* [WORK ORDER] Pictures stay out of the copy; set down each line of the listing below exactly.

* [MATERIAL PROVIDED]
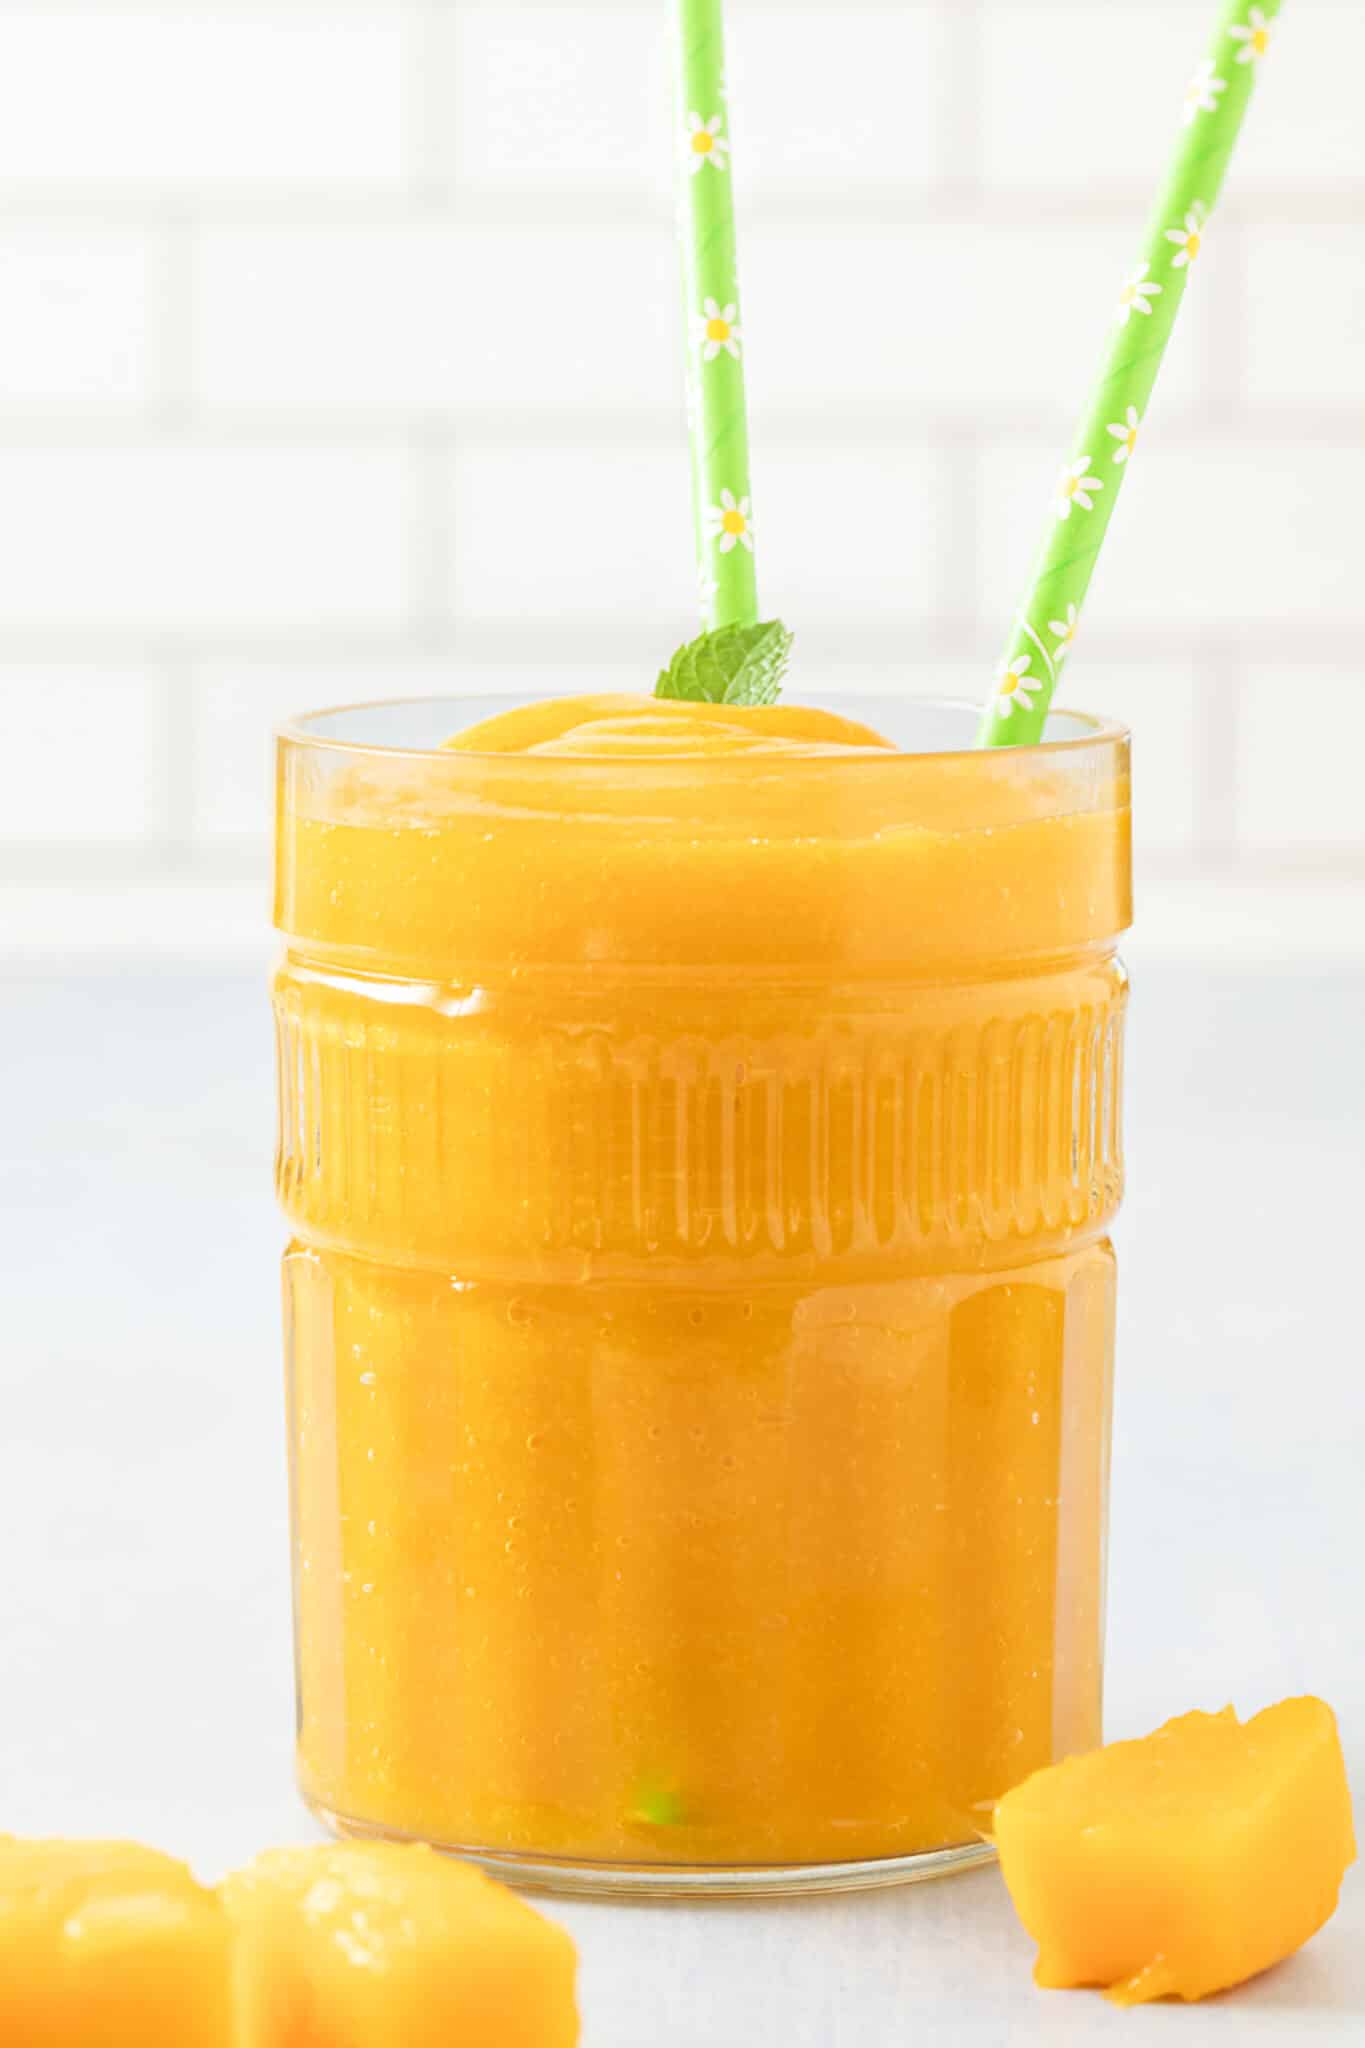 https://www.cleaneatingkitchen.com/wp-content/uploads/2022/08/mango-juice-glass-hero-scaled.jpg
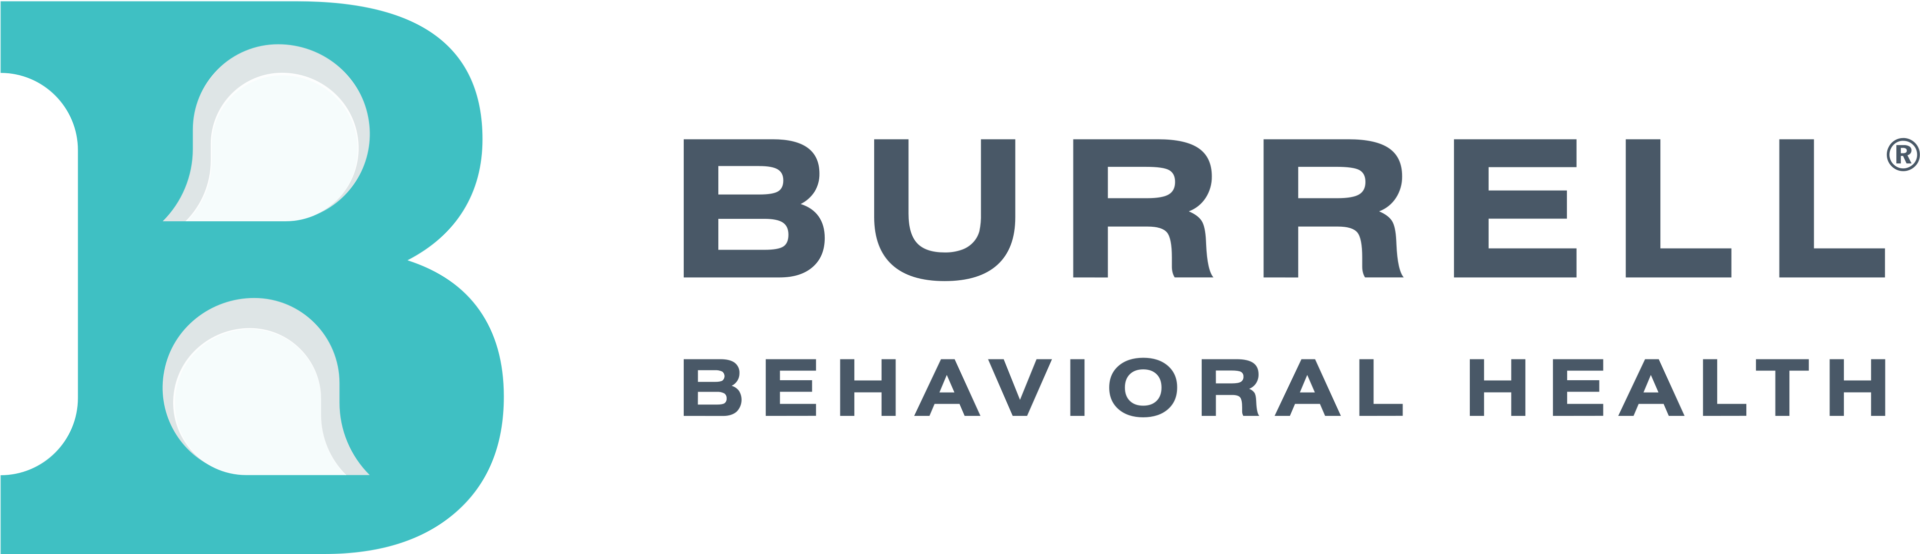 Burrell-Behavioral-Health-logo
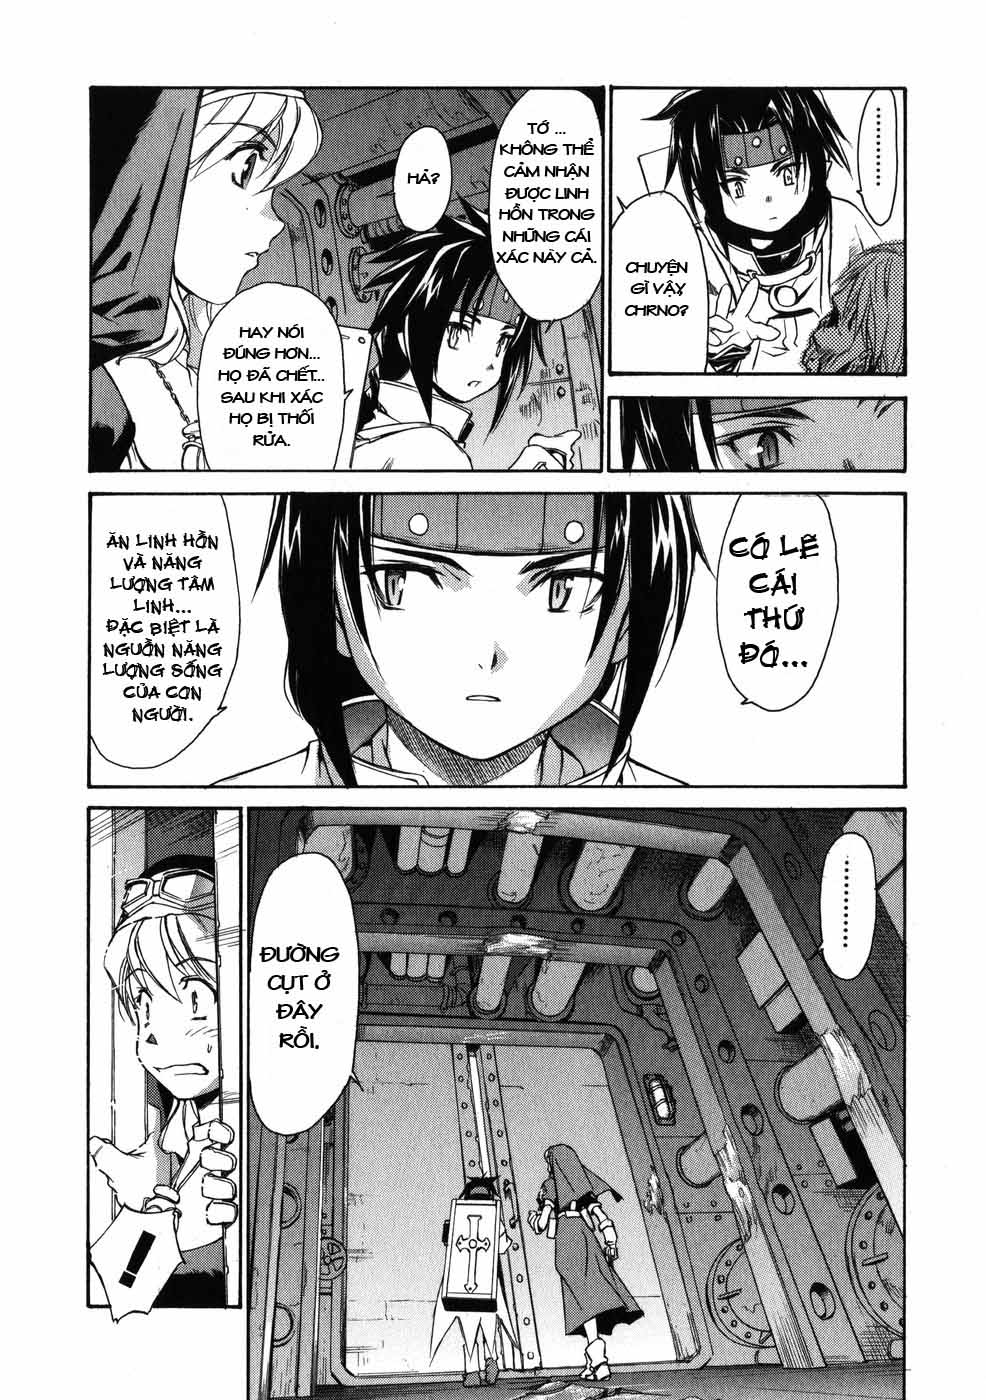 [Manga] Chrono Crusade (Đọc online tại SSF) - Page 2 CHRNO-CRUSADE-01-018

* [RESULT OF THE TASK]
 https://www.cleaneatingkitchen.com/wp-content/uploads/2022/08/mango-juice-glass-hero-scaled.jpg
 Burrell-Behavioral-Health-logo
 [Manga] Chrono Crusade (Đọc online tại SSF) - Page 2 CHRNO-CRUSADE-01-018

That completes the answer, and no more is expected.